Not until the previous day had the news of her friends' misfortune
come to her, and although she had heard no hint of fraud, she
began to realize that they were involved in a serious tangle. To
the questions which she anxiously put to her uncle he had replied
that their difficulty arose from a technicality in the mining laws
which another man had been shrewd enough to profit by. It was a
complicated question, he said, and one requiring time to thrash
out to an equitable settlement. She had undertaken to remind him
of the service these men had done her, but, with a smile, he
interrupted; he could not allow such things to influence his
judicial attitude, and she must not endeavor to prejudice him in
the discharge of his duty.

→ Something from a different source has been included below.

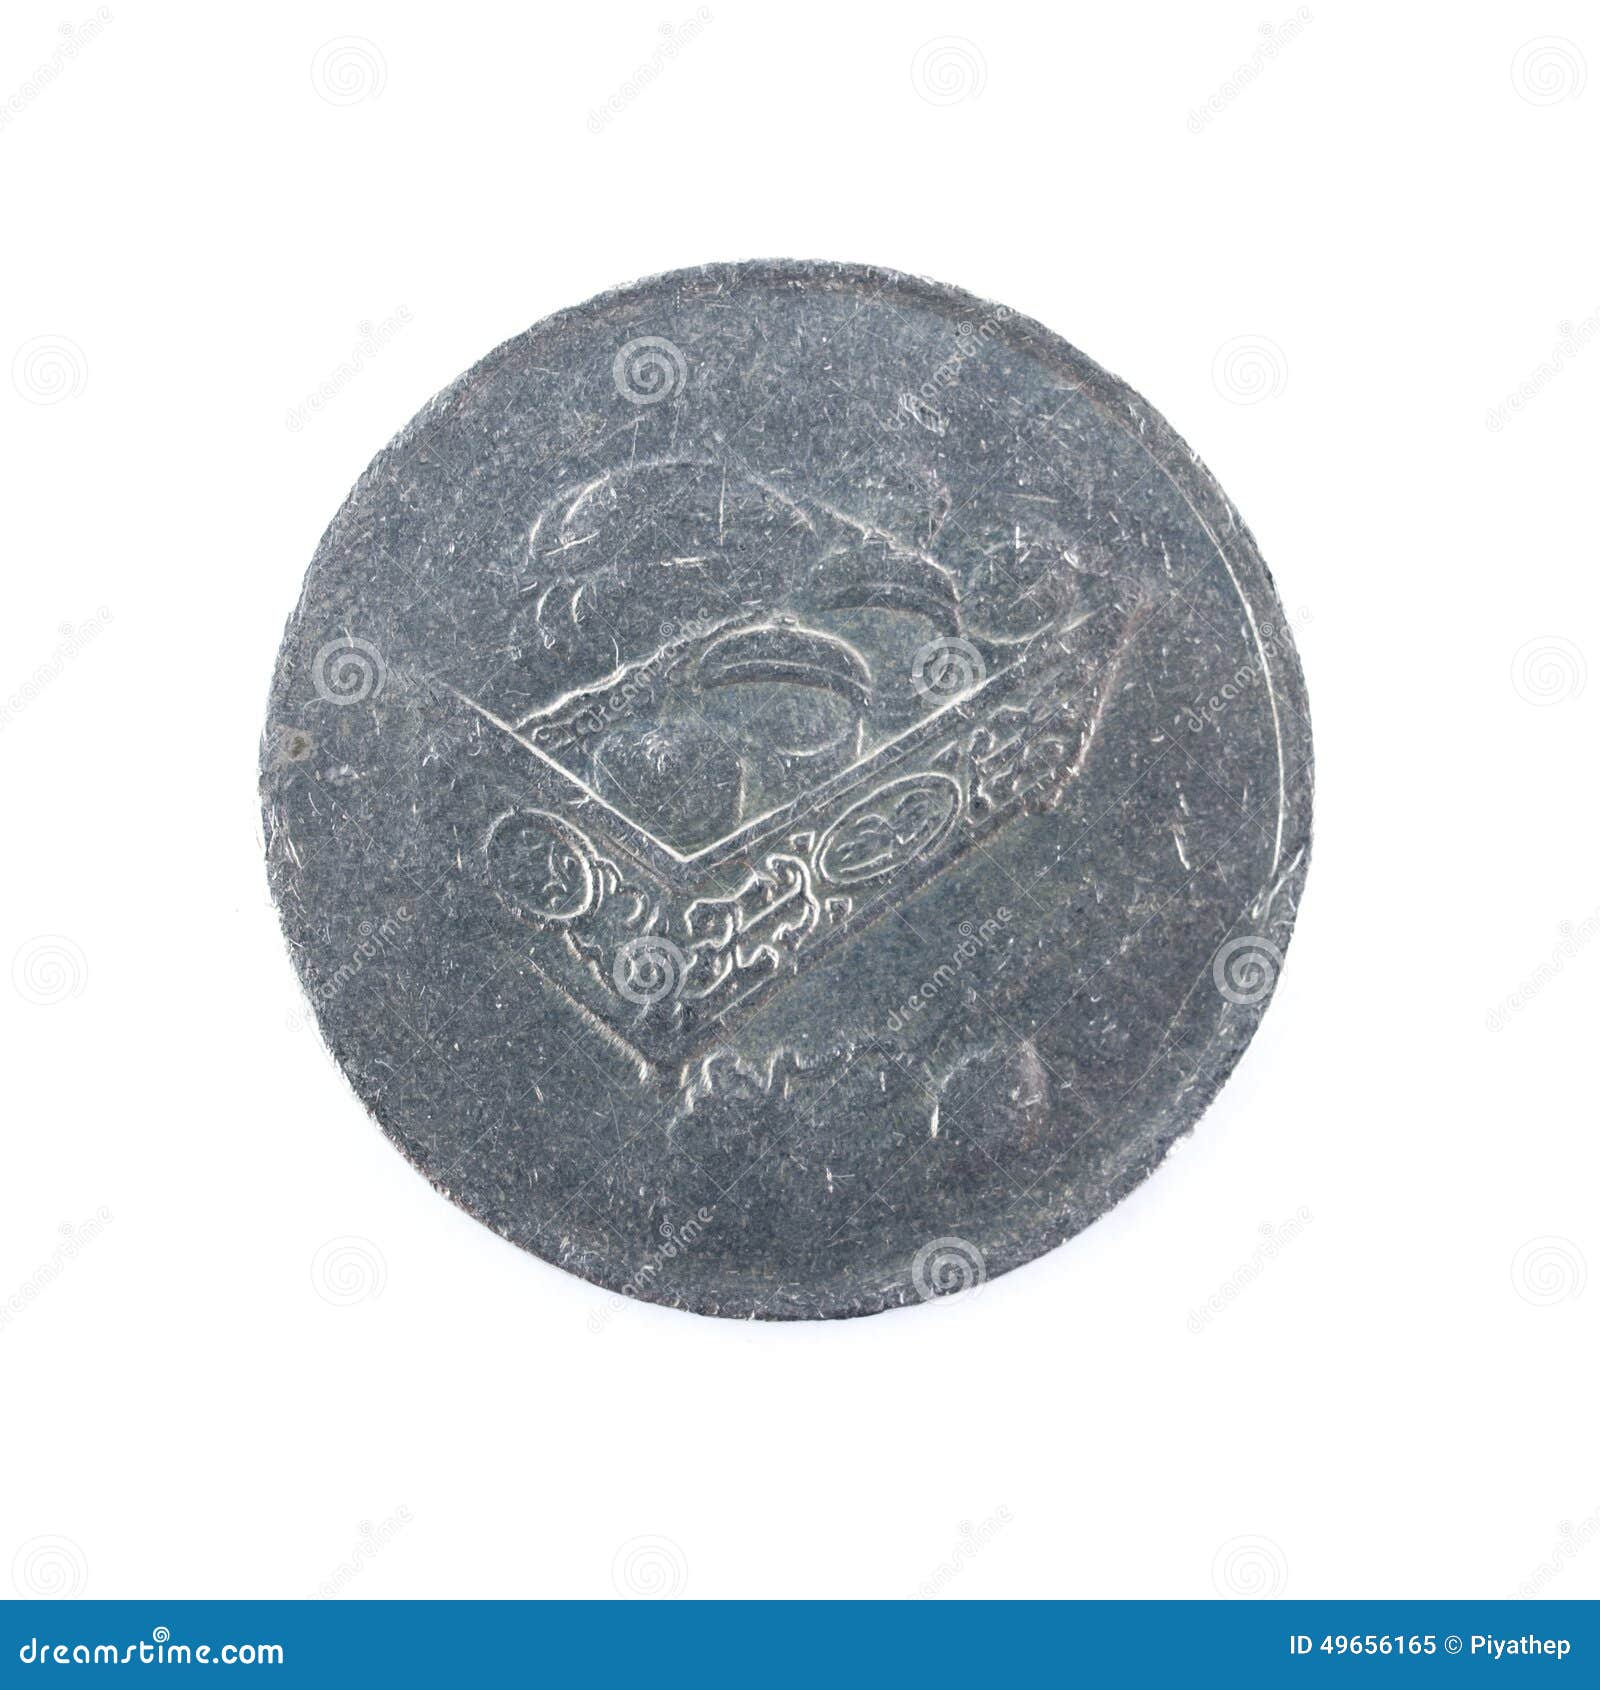 马来西亚的硬币 库存照片. 图片 包括有 现金, 宏指令, 对象, 硬币, 马来西亚, 设置, 充分, 林吉特 - 45647024

Recognizing the justice of this, she
had desisted.

For many days the girl had caught scattered talk between the Judge
and McNamara, and between Struve and his associates, but it all
seemed foreign and dry, and beyond the fact that it bore on the
litigation over the Anvil Creek mines, she understood nothing and
cared less, particularly as a new interest had but recently come
into her life, an interest in the form of a man--McNamara.

He had begun with quiet, half-concealed admiration of her, which
had rapidly increased until his attentions had become of a
singularly positive and resistless character.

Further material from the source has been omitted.